Lançamento Pedranocharco: BDjornal #30


Está à venda o BDjornal #30, que segundo as palavras do seu editor será o penúltimo da vida desta publicação.

Poderão encontrar este número no stand da Pedranocharco no 24ª Amadora BD.
O seu editor, Jorge Machado-Dias, deixou uma extensa nota de imprensa onde fala desta sua publicação, e um pouco sobre o Amadora BD embora diga que não queira falar disso...
:D

Fiquem então com a nota de imprensa da Pedranocharco:

ESTARÁ À VENDA NO XXIV FESTIVAL INTERNACIONAL DE BD DA AMADORA O BDjornal #30

Do EDITORIAL alargado (não coube – nem metade – na 1ª página da edição impressa)...
Era nossa intenção terminar a publicação do BDjornal com este #30 mas... chegámos à conclusão que, se calhar seria mais interessante terminar no #32, em 2015, quando se completarem 10 anos de edição – no Festival de Beja, que foi onde o BDj nasceu – o BDjornal #1 saiu no 1º Festival de BD de Beja. Assim, ainda teremos pano para mais algumas (duas) mangas... Já agora, em 2015 a Pedranocharco fará 20 anos. Um duplo aniversário a comemorar, portanto.
























Cumprindo uma promessa feita no ano passado, não falaremos este ano do Festival da Amadora no BDjornal. Ao fim de vinte anos a apontar o que nos parecia não estar bem realizado no FIBDA, sem grandes resultados, chegámos à conclusão que não valia a pena o esforço. As pessoas neste país, gostam mesmo é que se diga apenas bem das realizações, ignorando, ou reagindo muito mal às críticas construtivas que se lhes fazem.

A matéria sobre o web magazine Aces Weekley, que o brtânico David Lloyd (o desenhador de V for Vendeta) se lembrou, em boa hora, de iniciar, com dezenas de desenhadores de vários países e que, a partir de 14 de Outubro, passou a integrar o português Carlos Páscoa, é um daqueles projectos fascinantes que nos entusiasmam. Pena que, como o próprio Lloyd diz, na pequena entrevista que lhe fizemos sobre Aces Weekley, o público afecto à banda desenhada ainda não esteja habituado (e não só em Portugal, como pensávamos que era) a consumir revistas – ou livros - publicados online. Magazines de BD publicados na internet em Portugal, ocorre-nos apenas o The Lisbon Studio Mag (gratuito), apesar de conhecermos uma série de autores a utilizar o meio para publicar histórias em episódios.
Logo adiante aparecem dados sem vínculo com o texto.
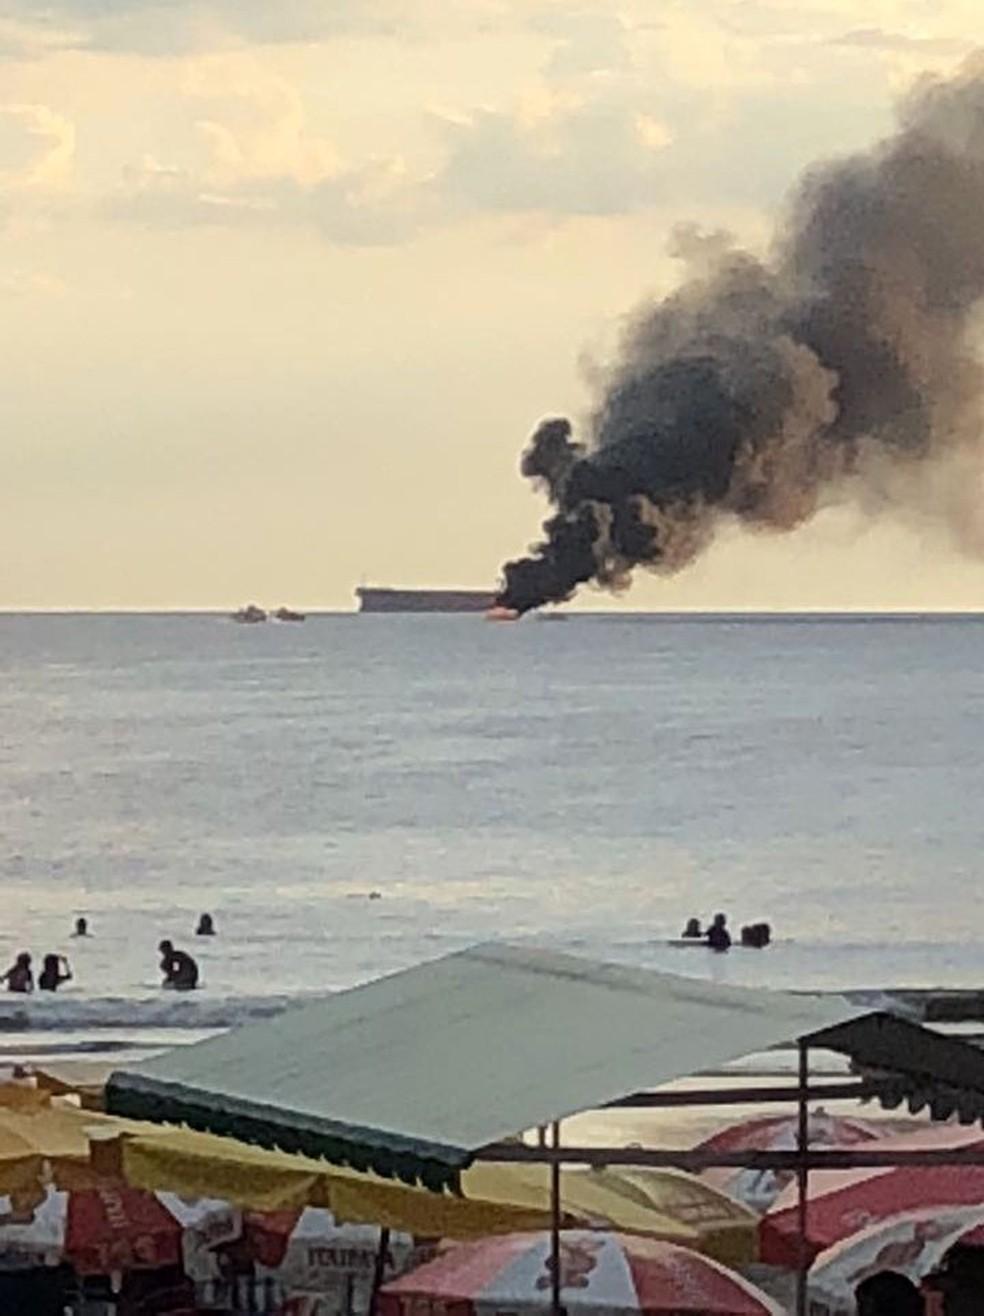 Fumaça de lancha em chamas podia ser vista de diversos pontos (Foto: G1 Santos)

Prosseguindo o trabalho de entrevistar autores portugueses de Banda Desenhada, iniciado no BDjornal #26 – onde apesar do “portugueses” incluimos também uma entrevista com um brasileiro (Julio Shimamotto) – era fundamental entrevistar Nuno Saraiva, o único autor que neste país trabalha exclusivamente para periódicos. Com apenas dois álbuns criados de raíz para esse fim (os outros são compilações ou participações colectivas), Nuno Saraiva desenvolve um trabalho semanal metódico, profissional quanto baste, produzindo tanto bandas desenhadas curtas como ilustrações, para os periódicos que contratam os seus serviços. Construiu a sua “imagem de marca” a que chamámos “o burlesco satírico-erótico”, depois da colaboração com Júlio Pinto (iniciada com Zé Inocêncio, n’O Inimigo e depois com Filosofia de Ponta, n’O Independente) e, mesmo depois da morte deste jornalista, publicitário, activista político, argumentista... continuou nessa linha, que tem contribuído para o seu reconhecimento como autor a nível nacional.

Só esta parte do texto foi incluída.